**ABOUT THIS TASK**:
Starting with the first line of the material, reproduce exactly each line up to and including the one that contains "Pixel de Facebook, herramienta", leaving out every picture.

**SUPPLIED MATERIAL**:
::::::

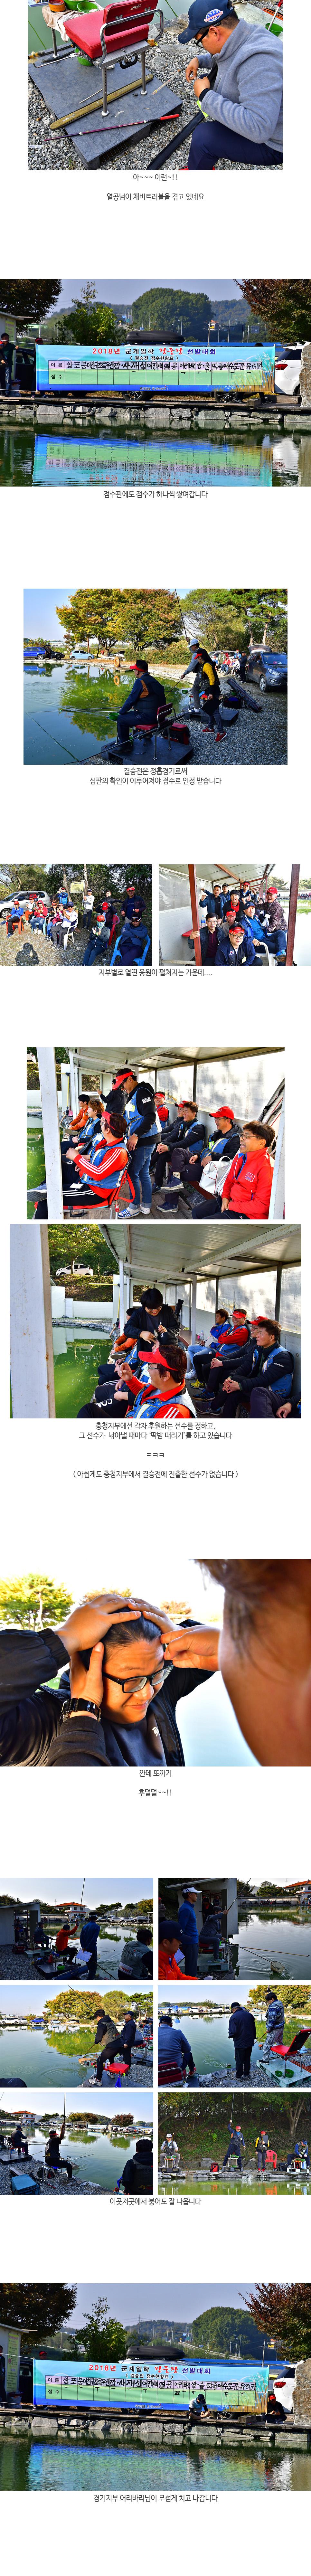 2018 군계일학 왕중왕전 - 09.jpg
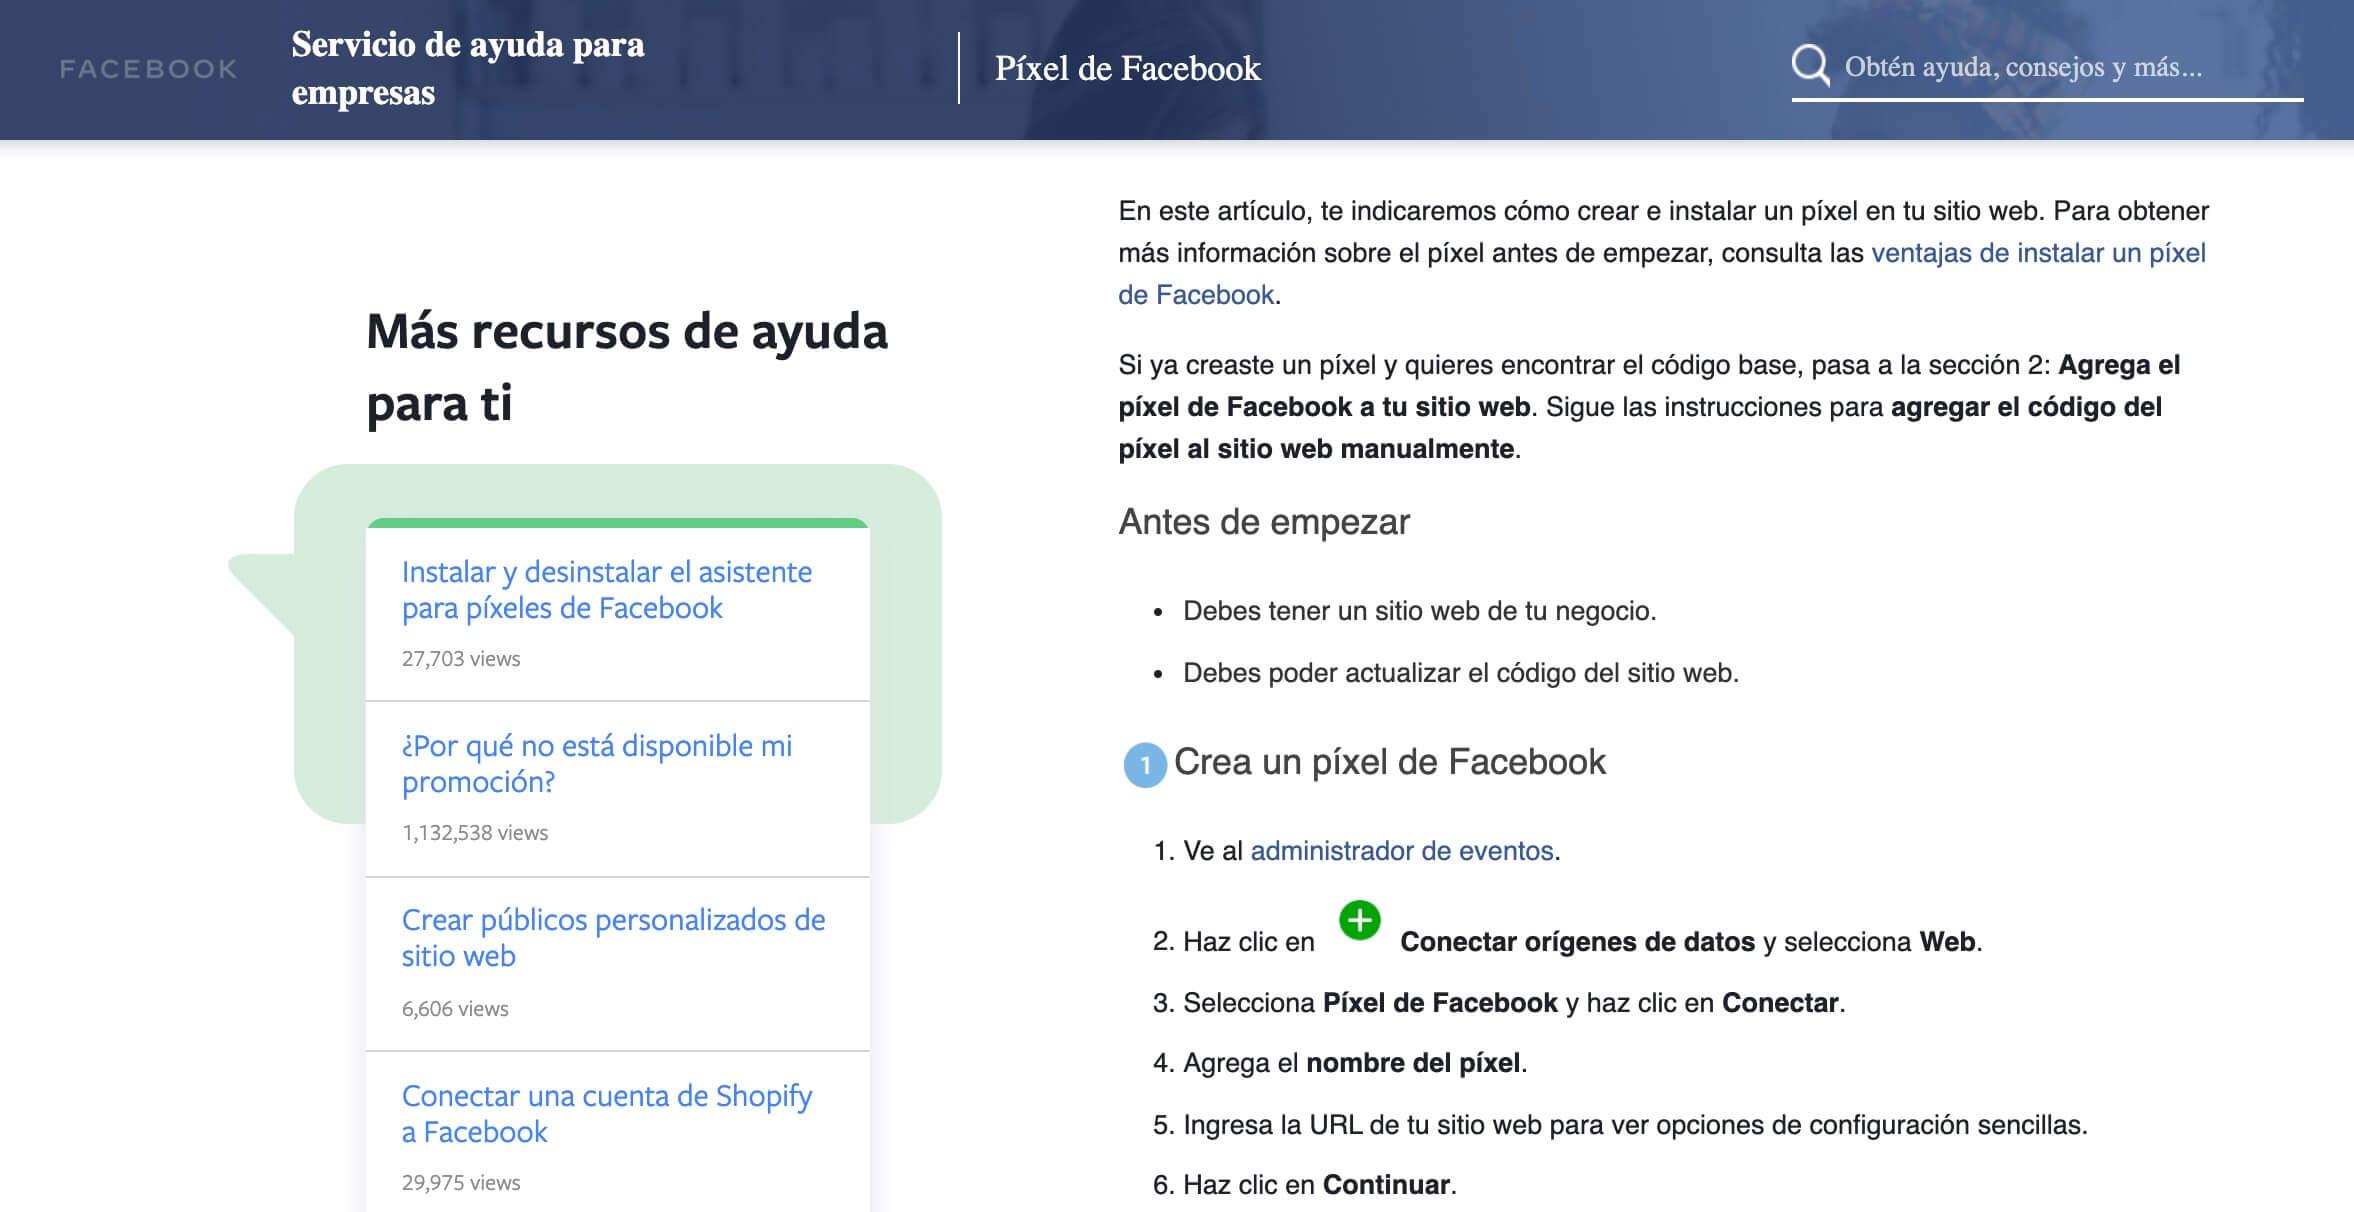 Pixel de Facebook, herramienta de análisis de publicidad de Facebook
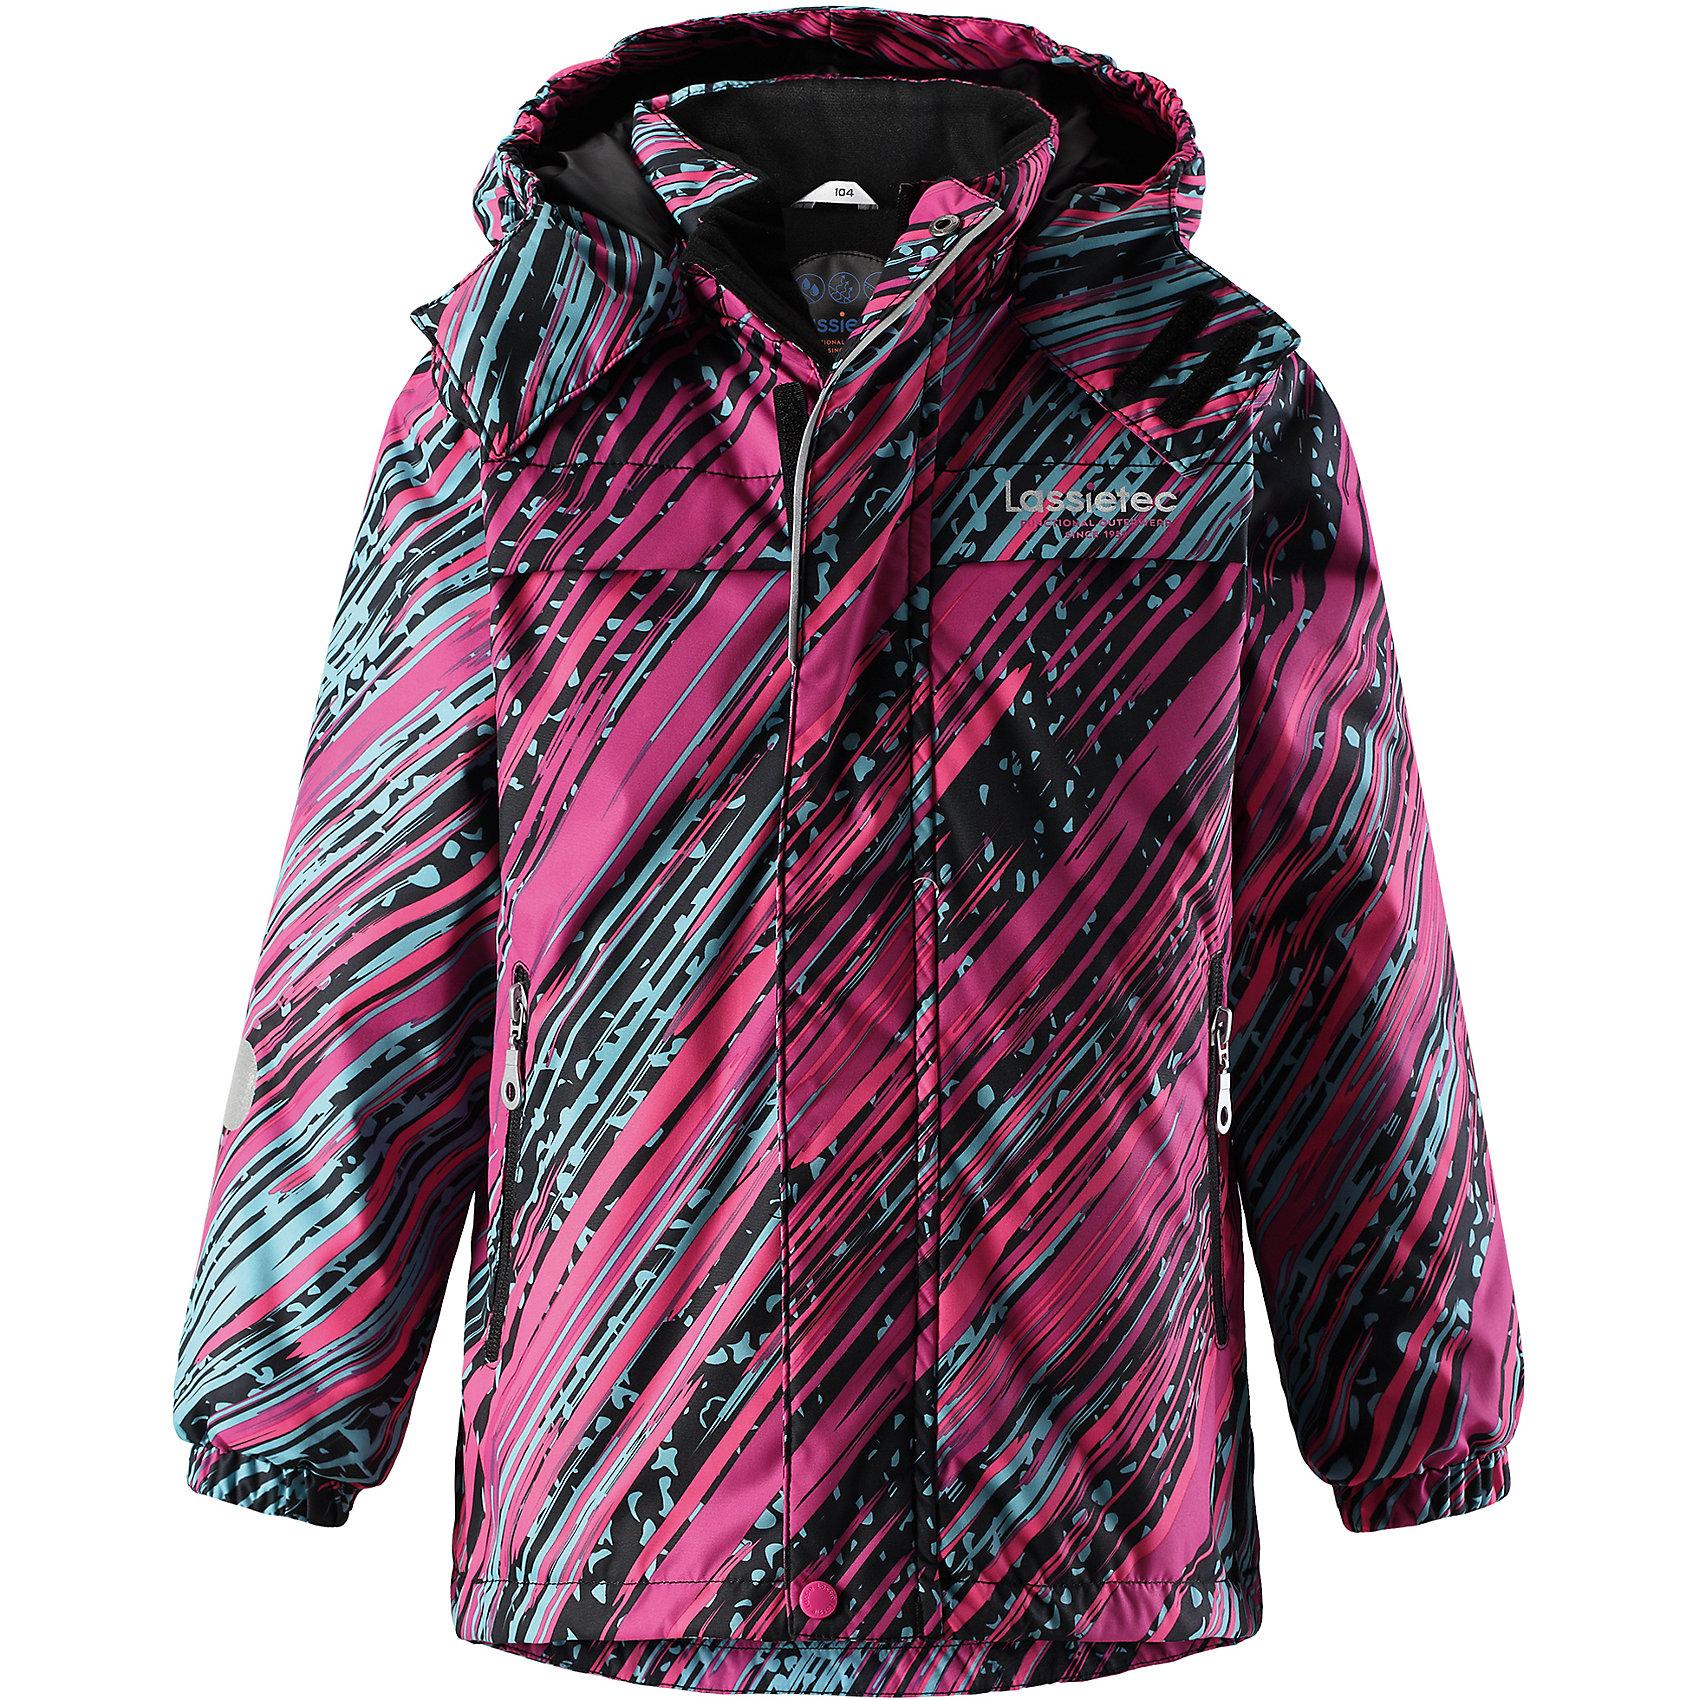 Куртка Lassietec LassieОдежда<br>Характеристики товара:<br><br>• цвет: розовый в полоску;<br>• состав: 100% полиэстер, полиуретановое покрытие;<br>• подкладка: 100% полиэстер;<br>• утеплитель: 140 г/м2;<br>• сезон: зима;<br>• температурный режим: от 0 до -20С;<br>• водонепроницаемость: 5000 мм;<br>• воздухопроницаемость: 5000 мм;<br>• износостойкость: 20000 циклов (тест Мартиндейла)<br>• застежка: молния с дополнительной защитной планкой;<br>• водоотталкивающий, ветронепроницаемый, дышащий и грязеотталкивающий материал;<br>• внешние швы проклеены;<br>• гладкая подкладка из полиэстера;<br>• безопасный съемный капюшон; <br>• эластичная талия и манжеты рукавов;<br>• карманы на молнии;<br>• светоотражающие детали;<br>• страна бренда: Финляндия;<br>• страна изготовитель: Китай;<br><br>Эта теплая и функциональная детская зимняя куртка Lassietec® отлично подходит для ежедневной носки! Съемный капюшон защищает от пронизывающего ветра и гарантирует безопасность во время игр на свежем воздухе. Гладкая и приятная на ощупь подкладка облегчает надевание и обеспечивает дополнительное утепление. Все основные швы в куртке проклеены, водонепроницаемы, а водонепроницаемый, ветронепроницаемый и дышащий материал обеспечивает комфорт во время веселых прогулок. <br><br>Куртку Lassietec Lassie (Ласси) для мальчика можно купить в нашем интернет-магазине.<br><br>Ширина мм: 356<br>Глубина мм: 10<br>Высота мм: 245<br>Вес г: 519<br>Цвет: розовый<br>Возраст от месяцев: 108<br>Возраст до месяцев: 120<br>Пол: Унисекс<br>Возраст: Детский<br>Размер: 140,92,98,104,110,116,122,128,134<br>SKU: 6927423

::::::

**RESULT OF THE TASK**:
 2018 군계일학 왕중왕전 - 09.jpg
 Pixel de Facebook, herramienta de análisis de publicidad de Facebook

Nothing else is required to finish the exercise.